____ Material supplied

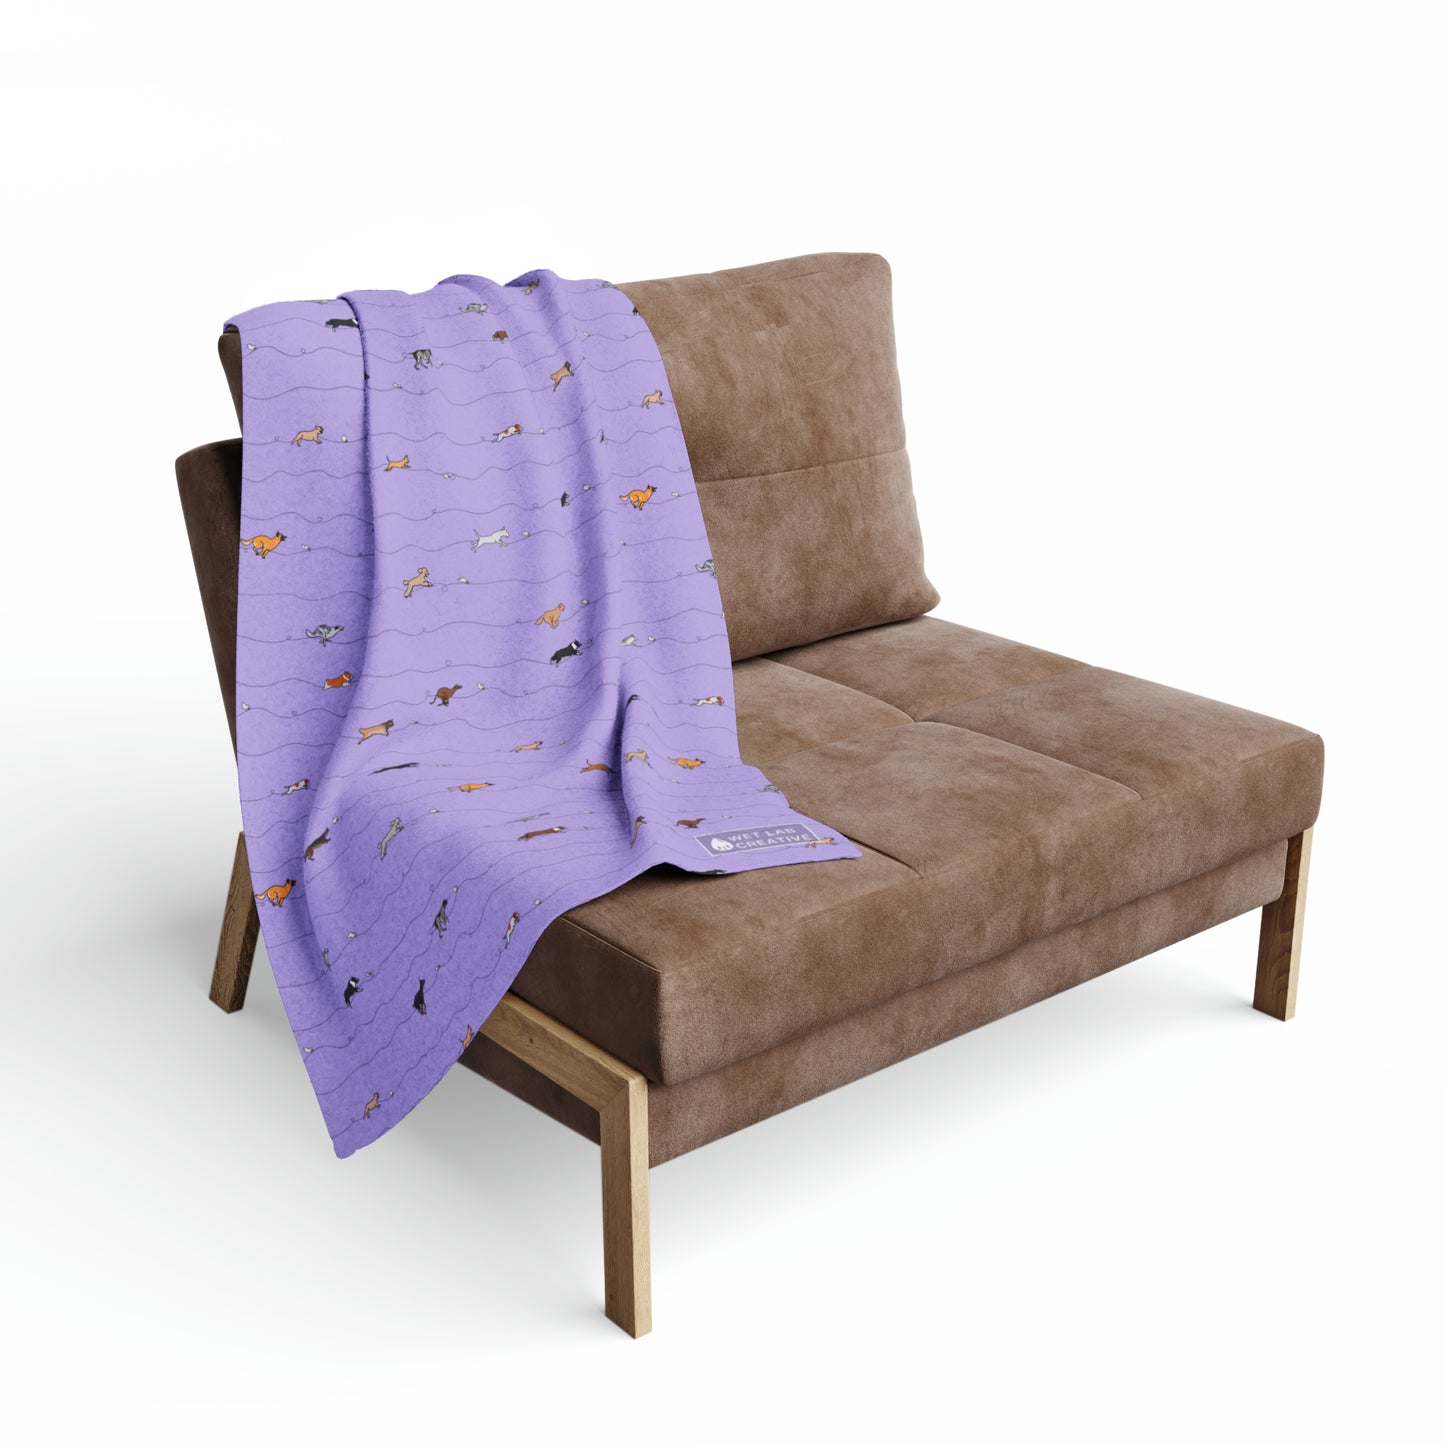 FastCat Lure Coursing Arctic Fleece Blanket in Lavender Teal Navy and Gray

________
____ Material supplied

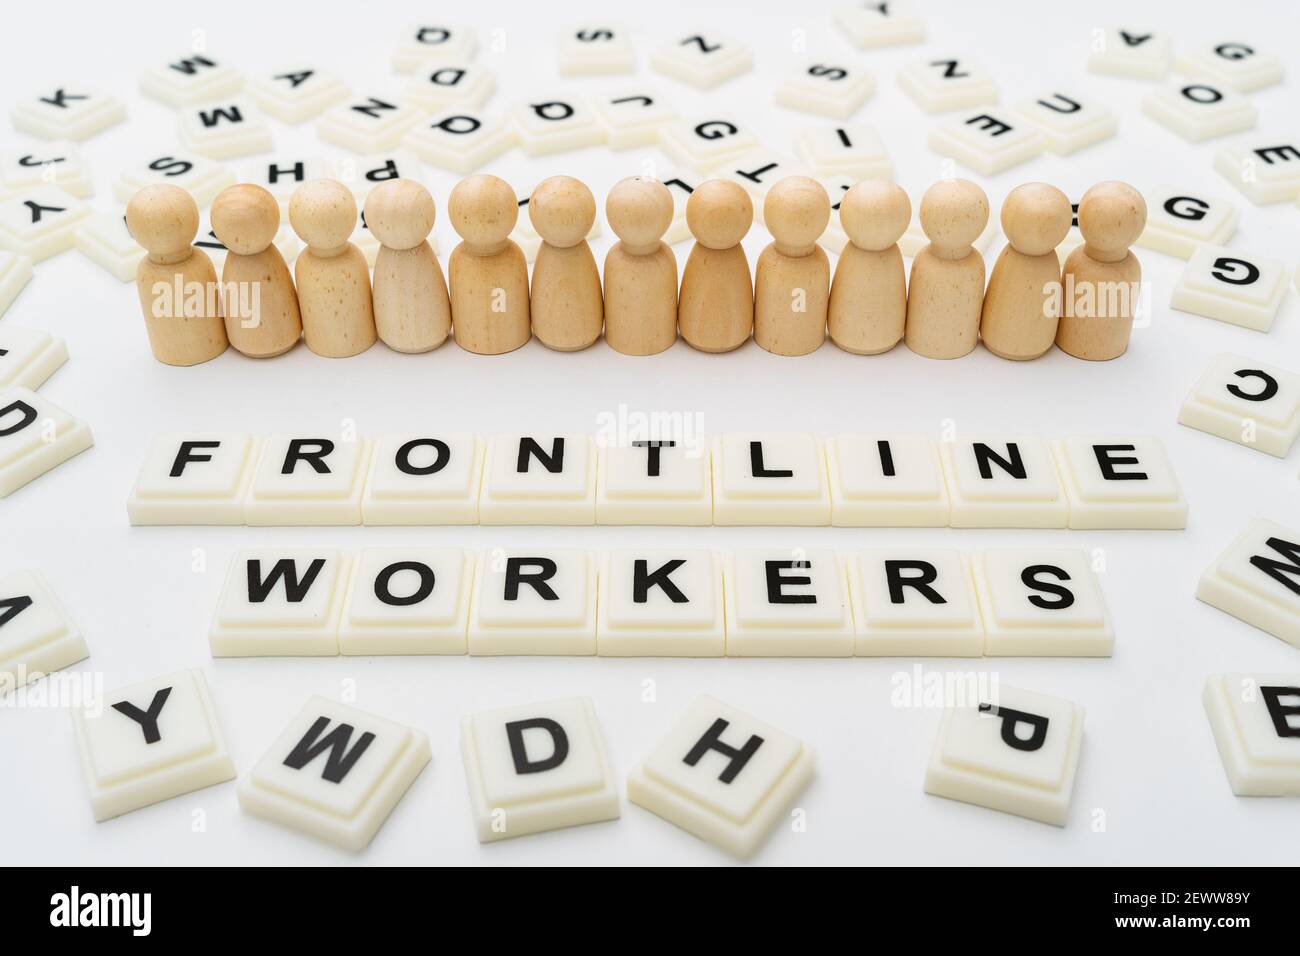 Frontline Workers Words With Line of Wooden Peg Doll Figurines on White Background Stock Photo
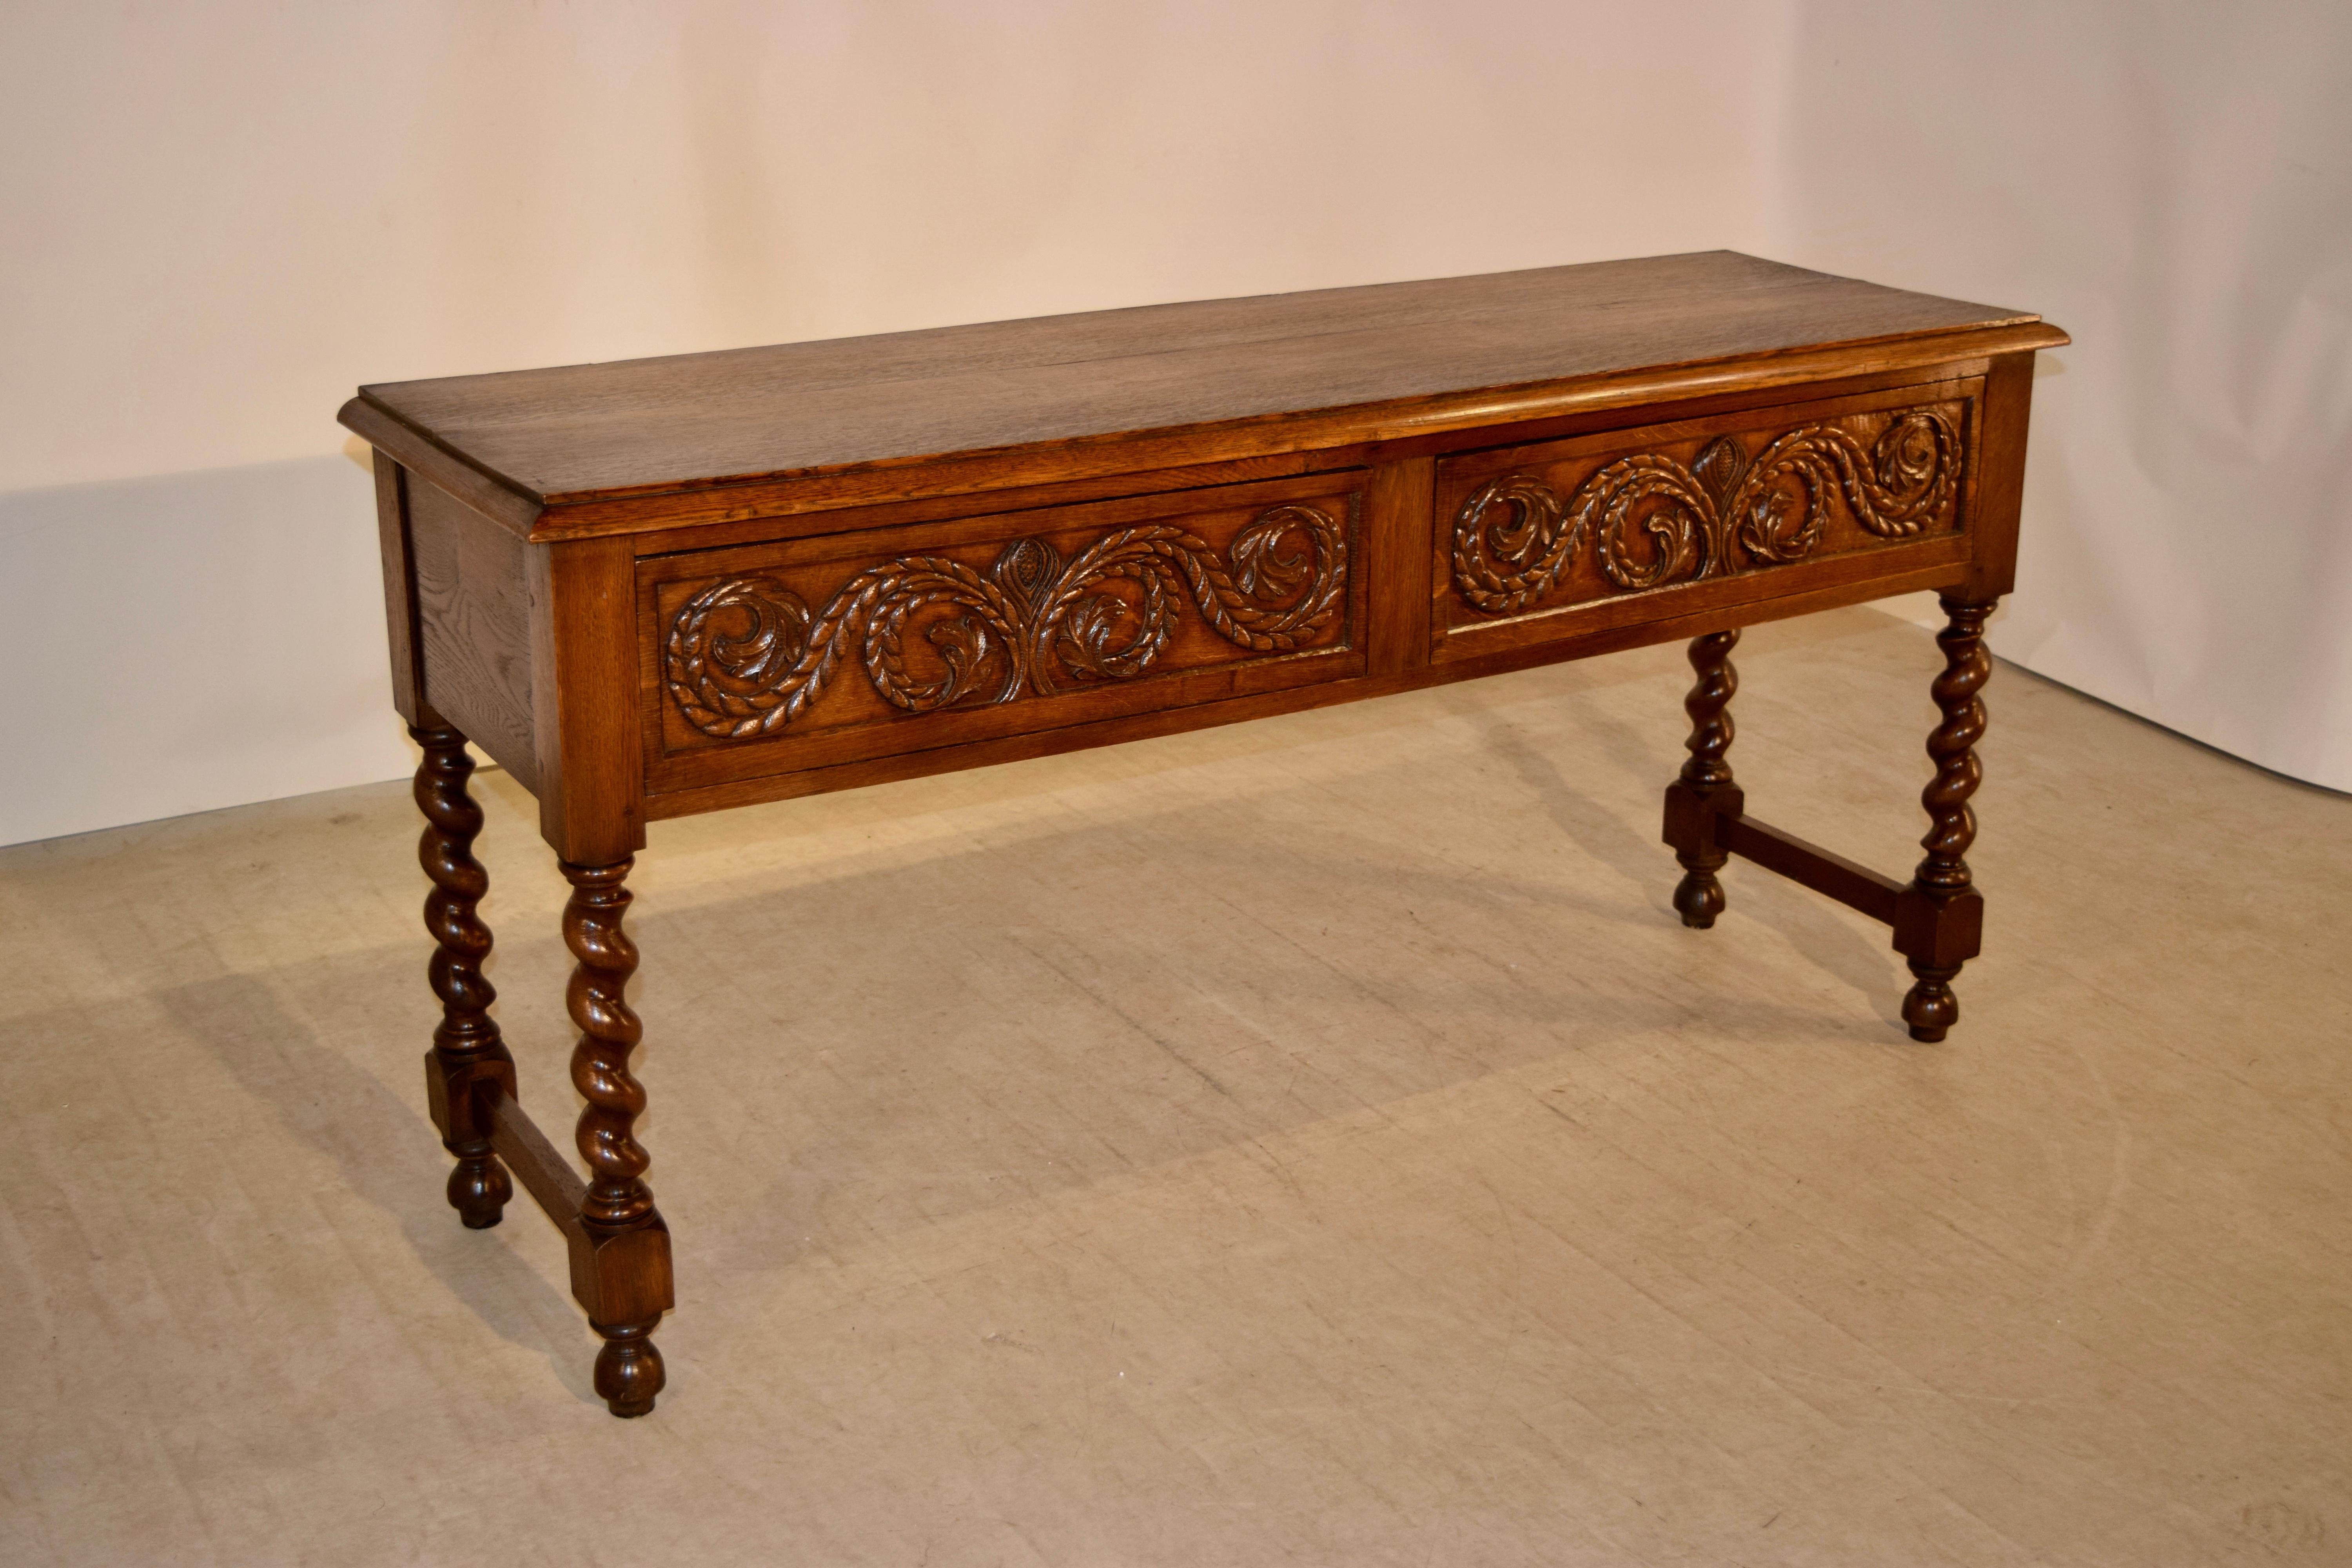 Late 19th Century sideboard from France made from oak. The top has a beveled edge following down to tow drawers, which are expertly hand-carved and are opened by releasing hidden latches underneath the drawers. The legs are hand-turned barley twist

________

Exercise directions: Whatever pictures the records hold, omit them; give again exactly the lines from the one containing "Frontline Workers Words" through the one containing "Late 19th Century".

Reply:
 Frontline Workers Words With Line of Wooden Peg Doll Figurines on White Background Stock Photo
 Late 19th Century sideboard from France made from oak. The top has a beveled edge following down to tow drawers, which are expertly hand-carved and are opened by releasing hidden latches underneath the drawers. The legs are hand-turned barley twist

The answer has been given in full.